The New Marketing Order: How to be Chosen

Consumers are seizing control. Work with them, not against them.

Recent events in the marketing world are dizzying. Between Do-Not-Call happenings, signing of California spam laws, and the growth of the shopping/search nexus, it’s difficult to keep track of the basics, much less determine the implications. There is a theme unifying many of the latest developments — a theme marketers ought to give some good, hard thought to.

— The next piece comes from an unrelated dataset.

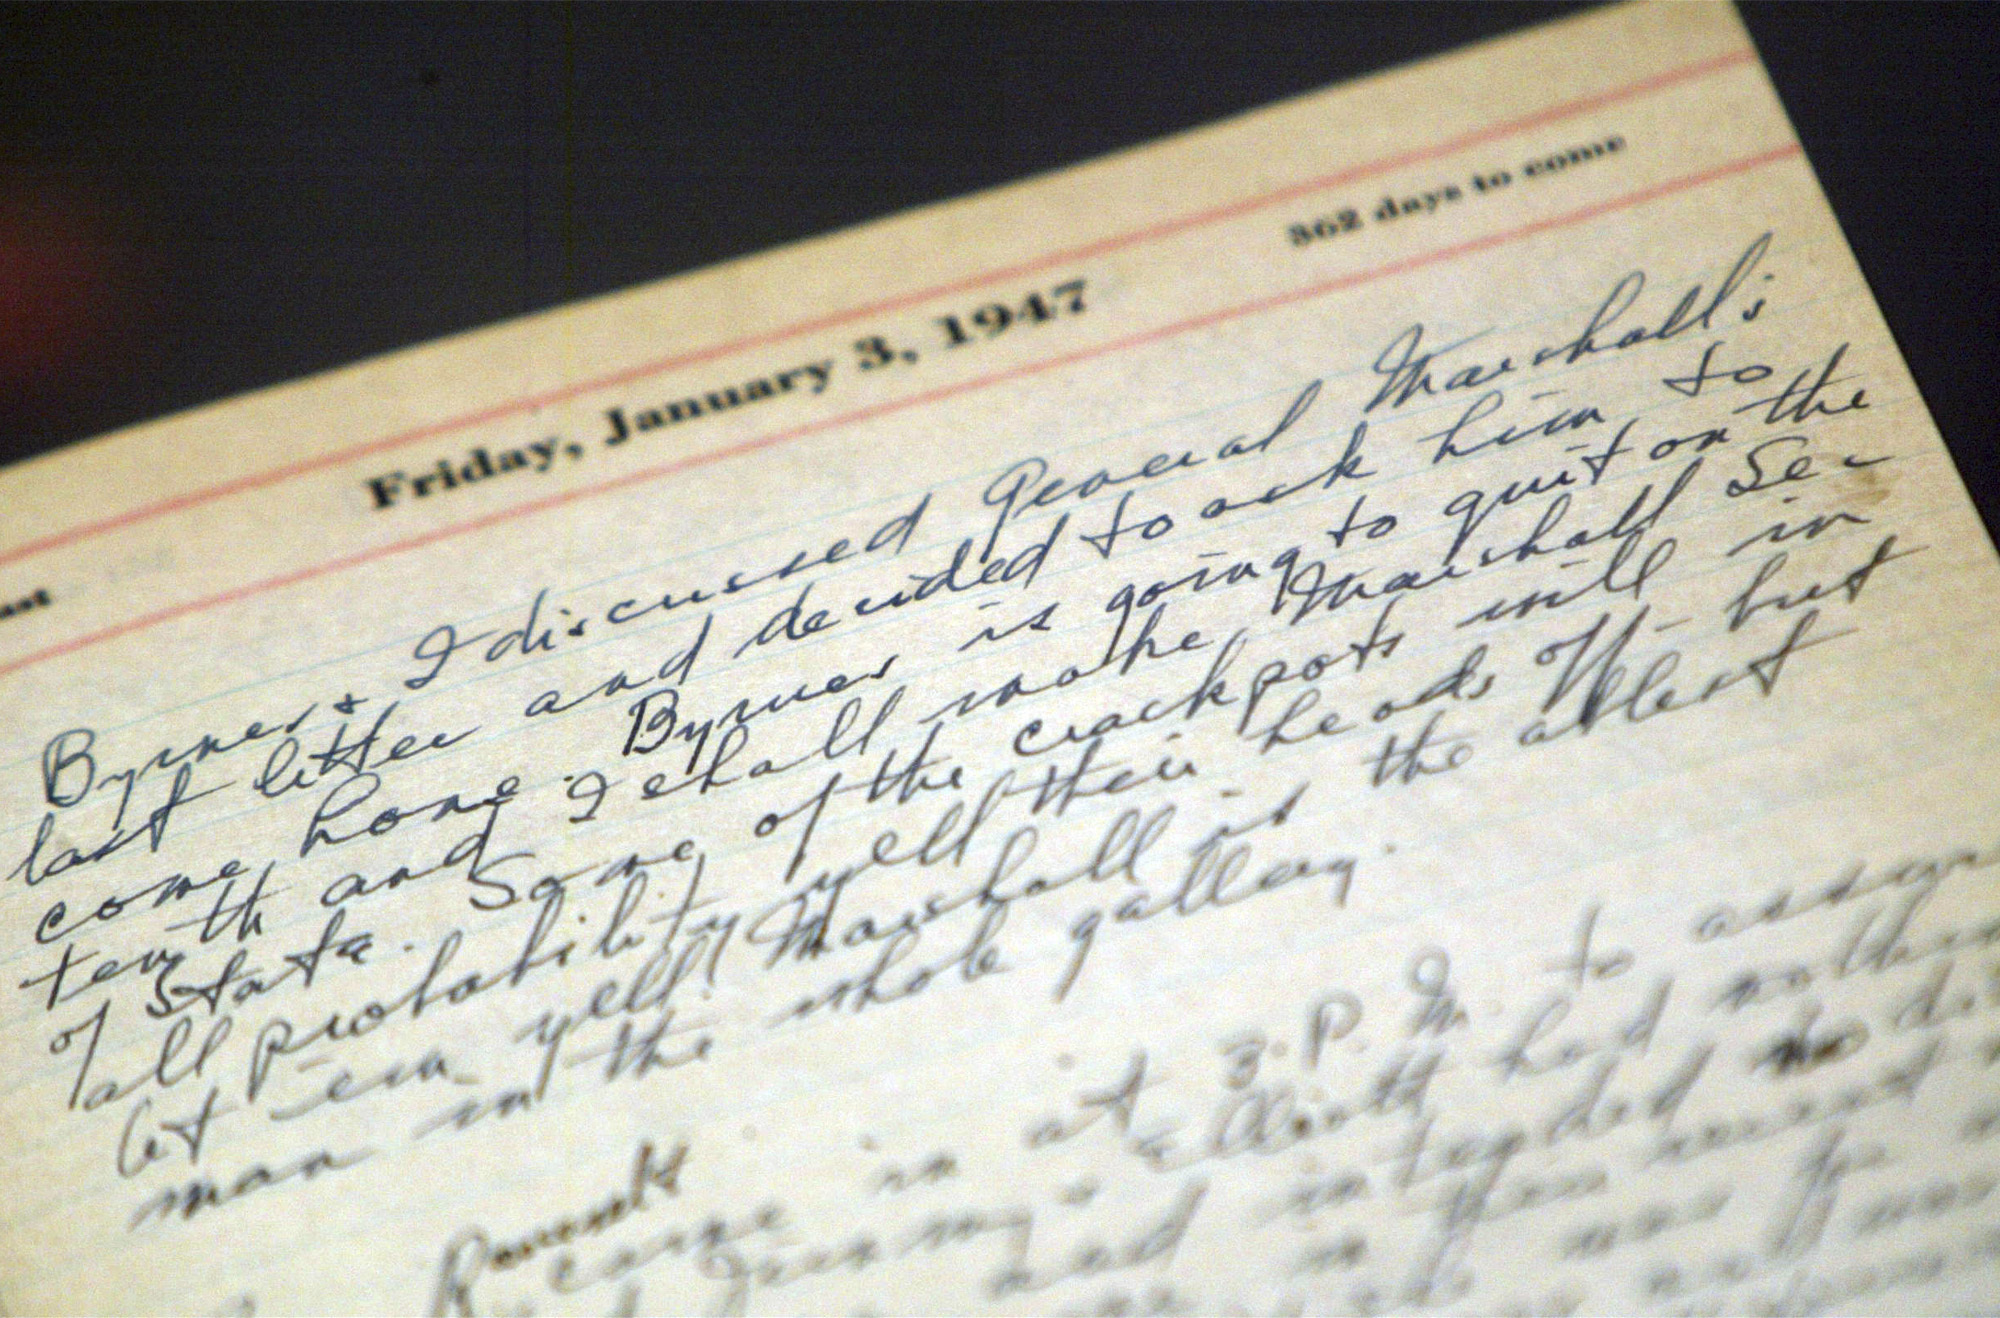 FILE - A portion of a page from a Harry Truman's 1947 presidential diary is shown at the National Archives in Washington, July 10, 2003. Presidents from George Washington to Joe Biden have kept presidential diaries. In them, they confide in themselves, express raw opinions, trace even the humdrum habits of their day and offer insight-on-the-fly on monumental decisions of their time. It's where they may also spill secrets they shouldn't. (AP Photo/Rick Bowmer)

It all comes down to control. People want control over how they’re marketed to, and they’re clamoring to get it. Witness 158 telephone numbers registered per second on the Do-Not-Call registry, according to the Federal Trade Commission (FTC). Witness consumer anger over spam, resulting in the most punitive anti-spam law yet. Witness the incredible success of a “pull” medium, search, over which consumers have control. To accommodate new expectations, marketers must change strategy. Ignore consumers’ collective desire at your peril.

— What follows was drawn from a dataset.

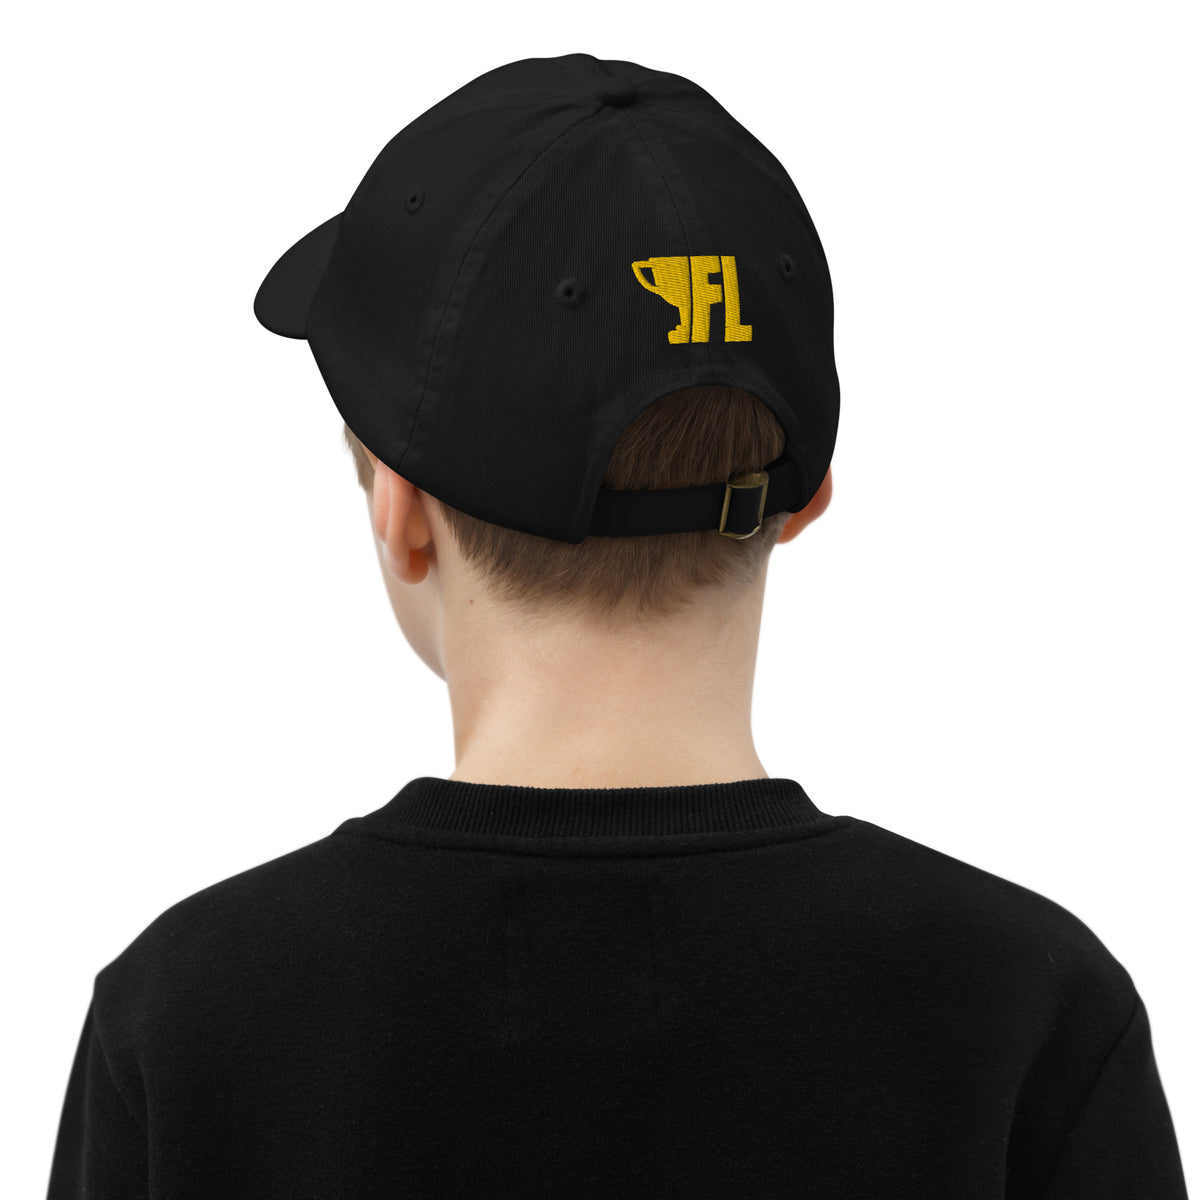 FL2024 "It's A Great Day To Be Great" Embroidered Youth Hat

Call it the new marketing order. It’s a philosophical shift in the marketplace that has everything to do with intrusive techniques like spam and telemarketing. It’s fueled by the rise of a marketing-saturated (and -savvy) generation, and it’s underpinned by the technology revolution that raises consumers’ expectations of how companies can interact with them. While customer acquisition techniques are under the heaviest fire, the new order also demands changes in how companies conduct relationships with existing customers.

Don’t Call Us, We’ll Call You

Take the Do-Not-Call list. More than 50 million Americans loudly proclaimed a strong disinclination to receive telemarketing calls. Even the Direct Marketing Association (DMA), one plaintiff in the Oklahoma case against the FTC, agrees marketers must abide by consumers’ wishes.

“In spite of any changes that might result from the federal court’s recent ruling, and whether or not there continues to be a government-administered national no-call list, it is appropriate for marketers to respect the wishes of consumers who have placed their phone numbers on the FTC’s list,” said Bob Wientzen, president and CEO of the DMA, in a statement.

In a recent report, META Group’s Elizabeth Roche said she believes the effectiveness of mass outbound marketing techniques (like spam and telemarketing) would soon diminish. That doesn’t mean the phone isn’t an important tool. When I talked with Roche this week, she emphasized the importance of leveraging consumer-initiated call-center calls, which allow marketers to cross- and up-sell. A consumer initiated the interaction, but marketers can learn from it and leverage it.

California Spam Ban

The California law brings into sharp relief the difference between an existing customer and a prospect. If you don’t already have a business relationship with someone, forget using email. So the law seems to say. That spells the end of opt-in list rental. It makes maintaining relationships with existing customers all the more important, and it makes convincing someone to opt-in for email communications a critical goal.

E-mail firm Quris this week issued a study, conducted with Equation Research, that said consumers can handle only 10 to 20 email relationships with trusted companies at one time. Researchers term this group the “inner circle.” They say marketers must displace other marketers to enter the it. Those who are already there must work hard to avoid being displaced. The most popular types of email? Transaction confirmations; account status updates; personalized email from traditional “offline” companies; scheduled corporate newsletters and customizable information updates. See a pattern? Relevance, personalization and customization are key.

Search/Shopping

The ultimate in personalized, customized marketing is also the hottest thing out there right now: search. My ClickZ colleague Fredrick Marckini characterizes search an element of “Inquiry Marketing.” It’s a good distinction that fits perfectly into the new marketing order.

People tell marketers — with their keywords — what they want, and marketers respond. Other variations include the behavioral marketing employed by the likes of the Wall Street Journal Online and NYTimes.com, which targets ads based upon users’ behavior. Some in the field liken certain types of user behavior, such as using a mortgage calculator online, to “hand raising.” These users indicate they’re interested in a particular type of product. The ever-controversial Gator and WhenU use similar techniques.

Of course, efforts by Shopping.com (formerly DealTime), Yahoo and Amazon (all of which made the news this week) to build and deploy better product search are ultimate examples of response to hand-raising. “Hello!” consumers on those sites announce, “I’m shopping!” In the new marketing order, the merchant’s job is to be there and to respond to the stated need for information.

If you can’t call potential customers and you can’t rent opt-in email lists, where do you turn? Convert prospects by being in the right place at the right time. Consumers have, and demand, choice. Pay attention to their choices. Respect them. Your company will be among the chosen.